AIM OF THE TASK — A partial copy is required: transcribe exactly the lines from the one containing "80b8bf1442ed64 47 Brand" through the last line below, without any pictures.

EXERCISE DATA —
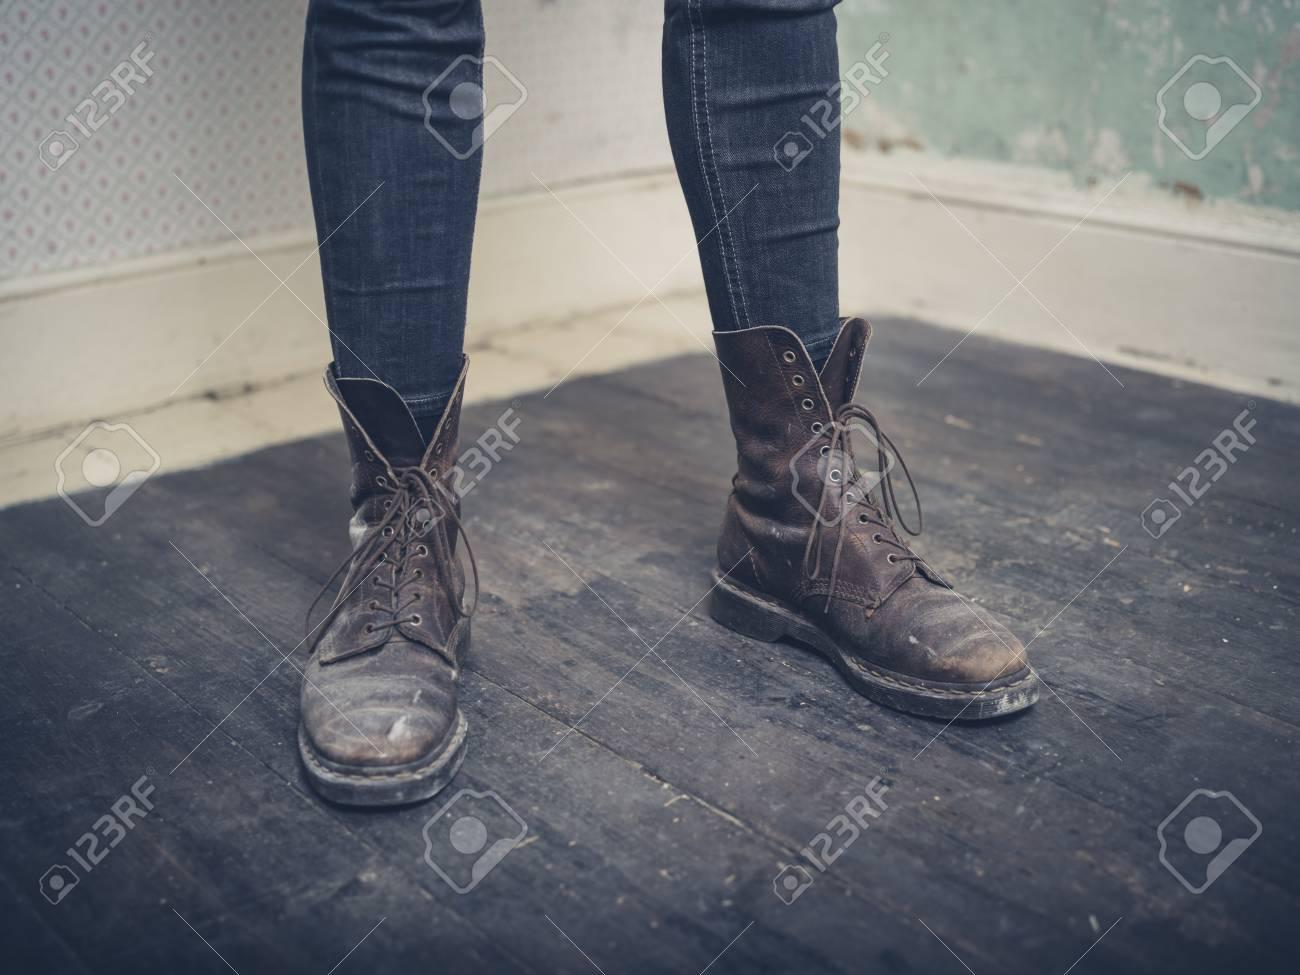 Un giovane persona che indossa stivali di pelle è in piedi in una stanza vuota
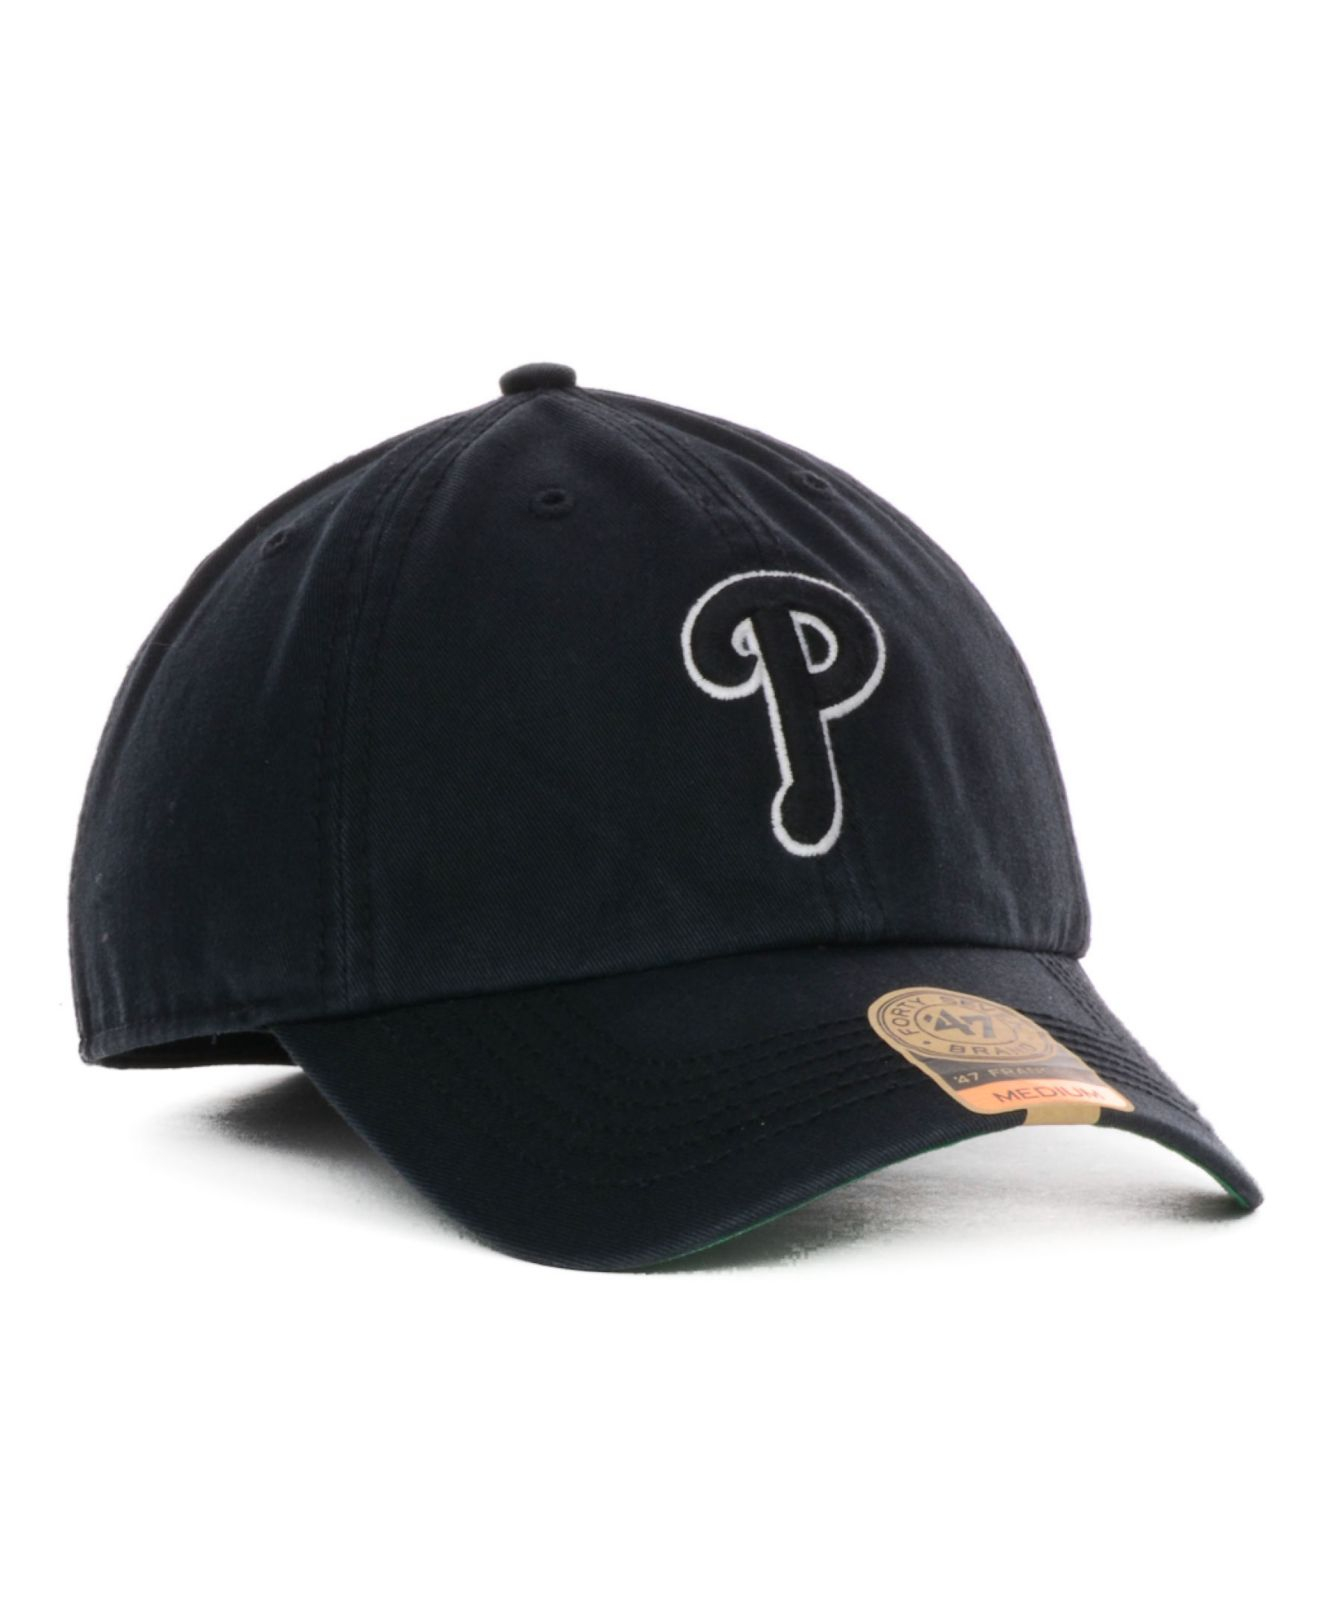 80b8bf1442ed64 47 Brand Philadelphia Phillies Black Out Franchise Cap in Black for ...
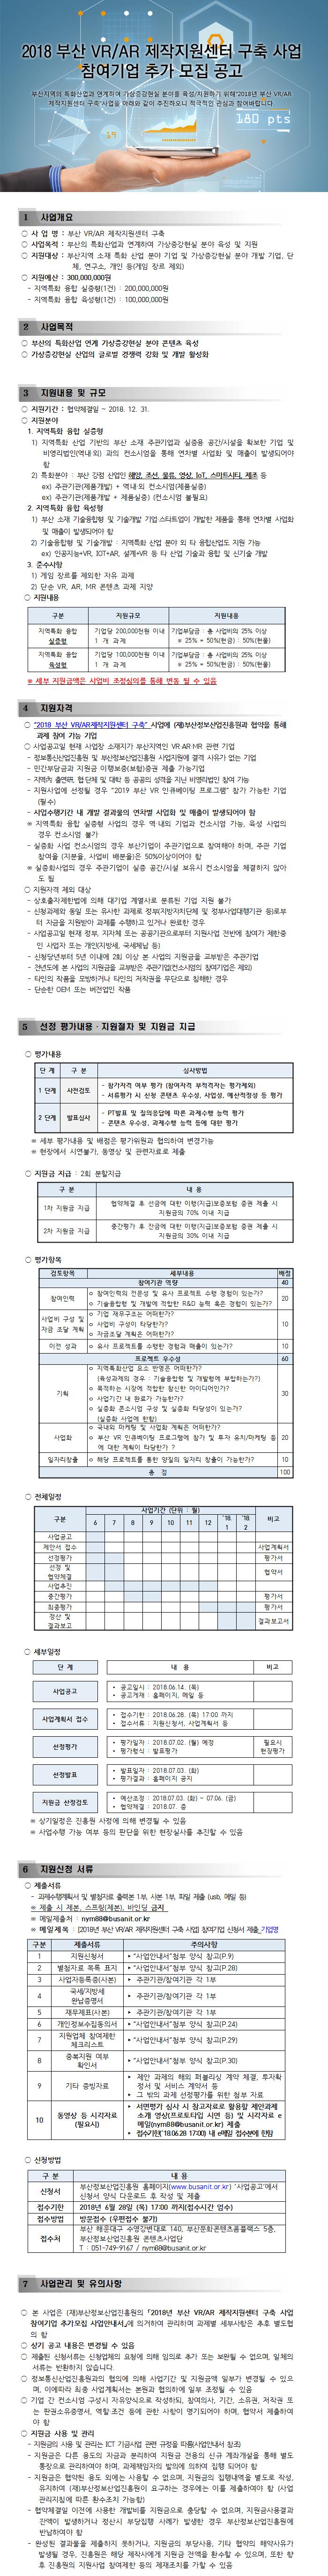 부산 VR/AR 제작지원센터 구축 사업 참여기업 추가모집

OUTPUT FOR THIS TASK —
 80b8bf1442ed64 47 Brand Philadelphia Phillies Black Out Franchise Cap in Black for ...
 부산 VR/AR 제작지원센터 구축 사업 참여기업 추가모집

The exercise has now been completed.